Principal Investigator: Peter B. Gilkey
Gilkey will study time dependent processes which are controlled by the heat equation and the short time asymptotics which arise thereby. The first project involves the heat content asymptotics, moving from the static setting to the setting where the data (metric, internal heat sources, boundary conditions) are time dependent. Previous work always assumed smooth boundary conditions; in this project the boundary conditions are discontinuous. The second project involves studying the asymptotics of the short time expansion of the fundamental solution of the heat equation. Most previous studies have involved static geometries, but it is natural to study these asymptotic expansions for time dependent geometries for quite general operators of Laplace type and for quite general homogeneous boundary conditions. This investigation will involve expanding the usual calculus of pseudo differential operators to establish the existence of the required short time asymptotics as well as determining how the time dependent variation of the metric and the coupling constants for Neumann boundary conditions influences the short time asymptotics of the heat kernel.

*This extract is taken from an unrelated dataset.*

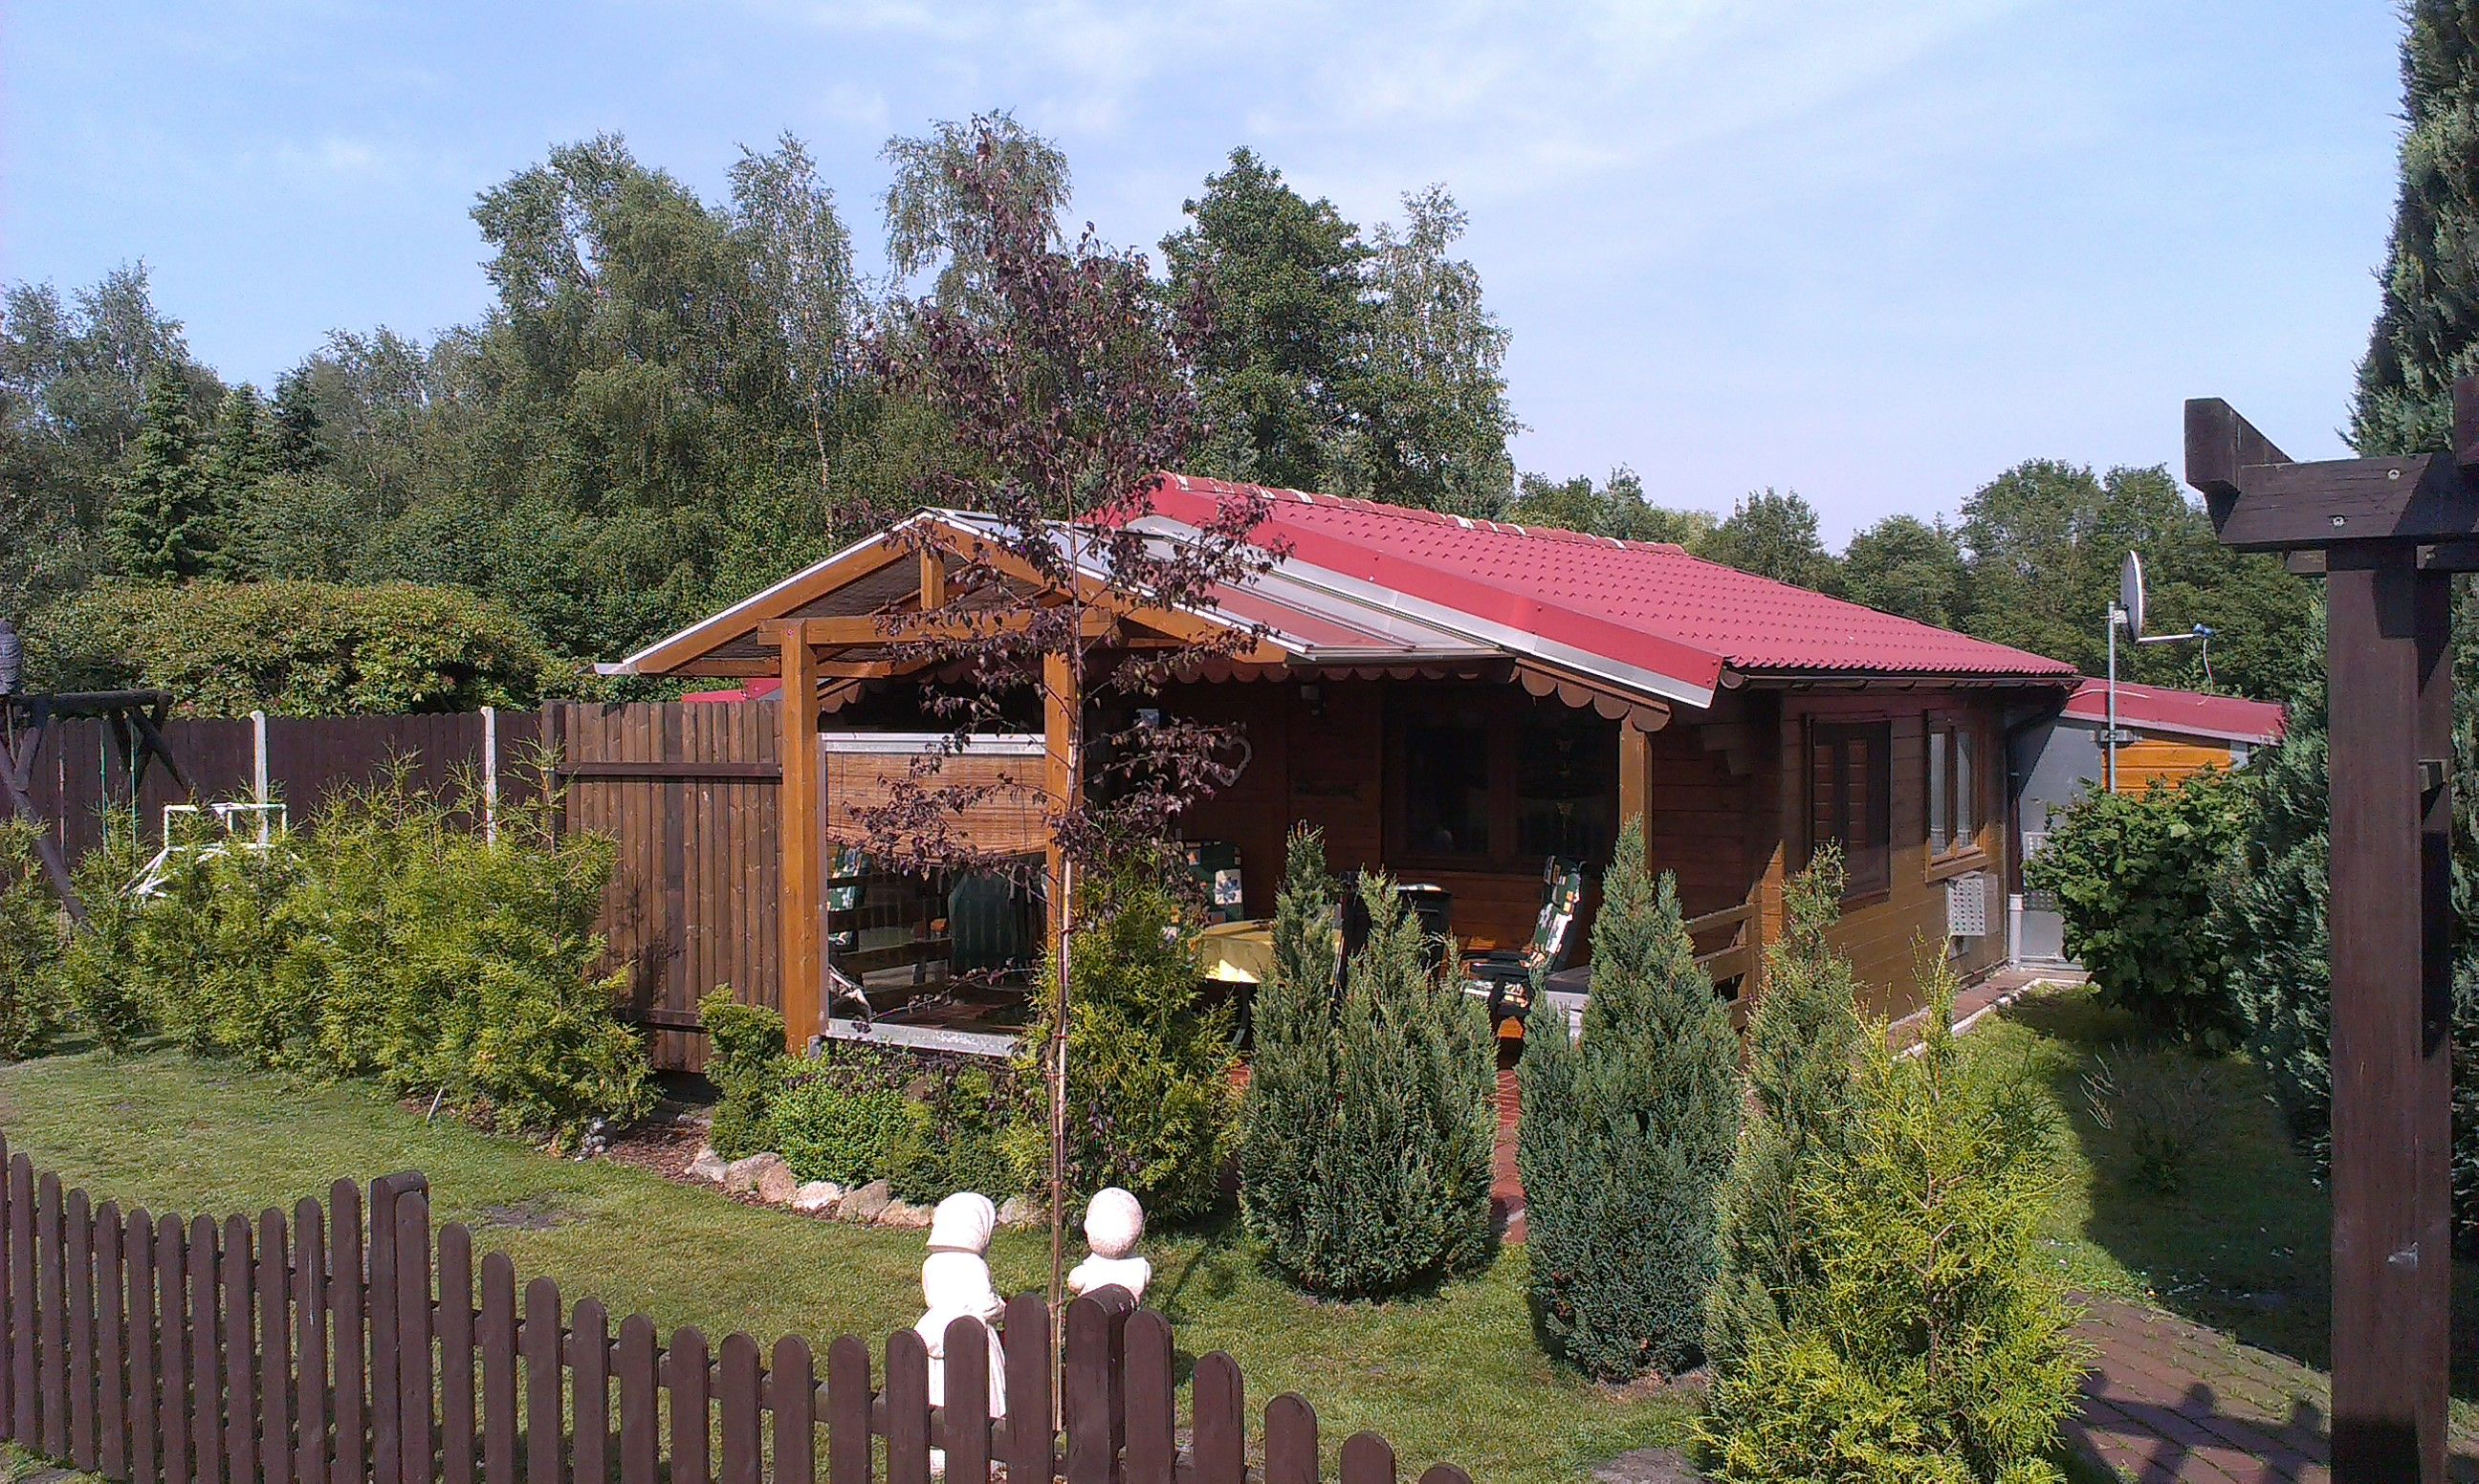 Ferienhaus Thon***, Ostfriesland, Rhauderfehn Buchen ohne

There are many physical settings where boundary conditions are discontinuous. For example, a body floating in ice water satisfies Dirichlet boundary conditions on the part immersed in the water and Neumann boundary conditions on the remainder (assuming as a first approximation that there is no heat transfer from the air to the body); the boundary conditions are discontinuous along the water/air interface. Understanding additional boundary contributions coming from the water/air interface are likely to be of great physical importance, and links the differential geometry of the situation to the physical underpinnings of the subject. There are also many conditions where the geometry is not static; the Universe is expanding to cite one example. Boundary conditions in physical settings may vary with time; for example, the temperature outside a building varies with the time of day as well as with the season; consequently the associated heat flow is not well modeled by a static setting. Understanding the heat flow in this setting has obvious physical applications. The heat equation asymptotics and heat content asymptotics have proven to be of central importance in theoretical physics. For example, these asymptotics play an important role in the renormalization of field theory in curved space and also in string and membrane theory, and they are related to zeta function renormalization.